This command should produce a response similar to the following (perhaps a bit more compact):
HTTP/1.1 201 Created
Date: Tue, 07 Feb 2017 20:49:34 GMT
Location: http://localhost:8083/connectors/inventory-connector
Content-Type: application/json
Content-Length: 471
Server: Jetty(9.2.15.v20160210)
{
"name": "inventory-connector",
"config": {
"connector.class": "io.debezium.connector.mysql.MySqlConnector",
"tasks.max": "1",
"database.hostname": "mysql",
"database.port": "3306",
"database.user": "debezium",
"database.password": "dbz",
"database.server.id": "184054",
"database.server.name": "dbserver1",
"database.whitelist": "inventory",
"database.history.kafka.bootstrap.servers": "kafka:9092",
"database.history.kafka.topic": "dbhistory.inventory",
"name": "inventory-connector"
},
"tasks": []
}
This response describes the connector resource /connectors/inventory-connector
that the service just created and includes the connector’s configuration and information about the tasks. Since the connector was just created, the service hasn’t yet finished starting tasks.

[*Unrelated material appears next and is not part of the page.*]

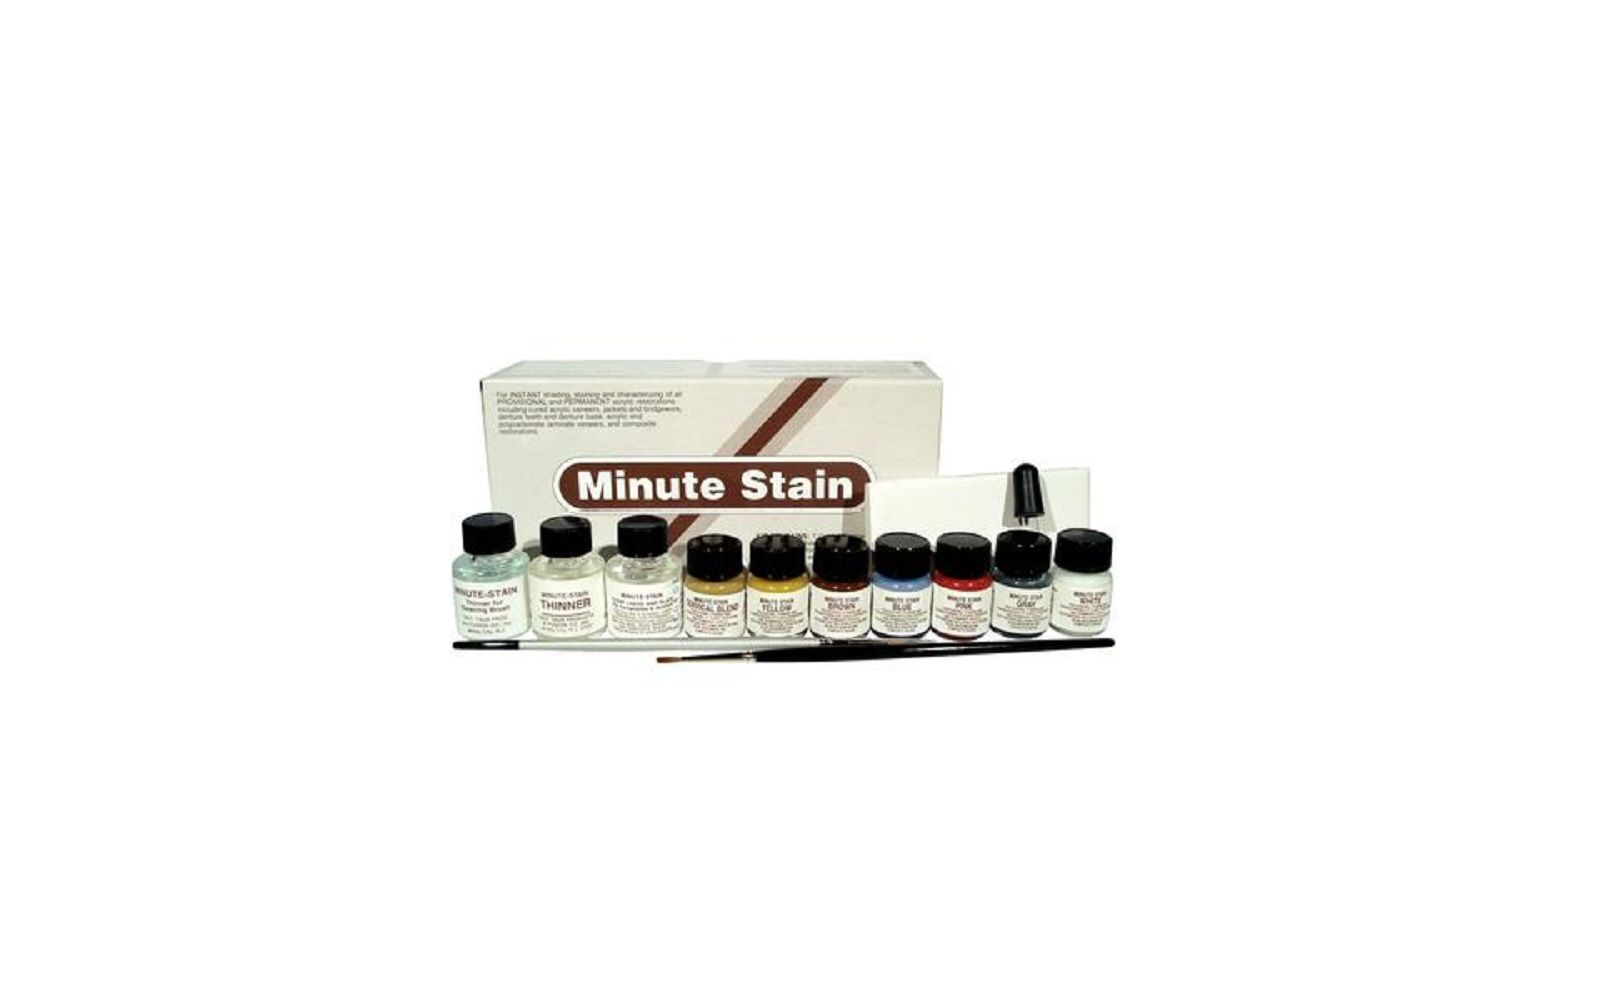 Minute stain 7 color kit

We can even use the RESTful API to verify that our connector is included in the list of connectors:
$ curl -H "Accept:application/json" localhost:8083/connectors/
which should return the following:
["inventory-connector"]
Recall that the Kafka Connect service uses connectors to start one or more tasks that do the work, and that it will automatically distribute the running tasks across the cluster of Kafka Connect services. Should any of the services stop or crash, those tasks will be redistributed to running services. We can see the tasks when we get the state of the connector:
$ curl -i -X GET -H "Accept:application/json" localhost:8083/connectors/inventory-connector
which returns:
HTTP/1.1 200 OK
Date: Mon, 27 Mar 2017 17:09:28 GMT
Content-Type: application/json
Content-Length: 515
Server: Jetty(9.2.15.v20160210)
{
"name": "inventory-connector",
"config": {
"name": "inventory-connector",
"connector.class": "io.debezium.connector.mysql.MySqlConnector",
"tasks.max": "1",
"database.hostname": "mysql",
"database.port": "3306",
"database.user": "debezium",
"database.password": "dbz",
"database.server.id": "184054",
"database.server.name": "dbserver1",
"database.whitelist": "inventory",
"database.history.kafka.bootstrap.servers": "kafka:9092",
"database.history.kafka.topic": "dbhistory.inventory"
},
"tasks": [
{
"connector": "inventory-connector",
"task": 0
}
]
}
Here, we can see that the connector is running a single task (e.g., task 0) to do its work. The MySQL connector only supports a single task, since MySQL records all of its activities in one sequential binlog and so the MySQL connector needs only one reader to get a consistent and totally ordered view of all of those events.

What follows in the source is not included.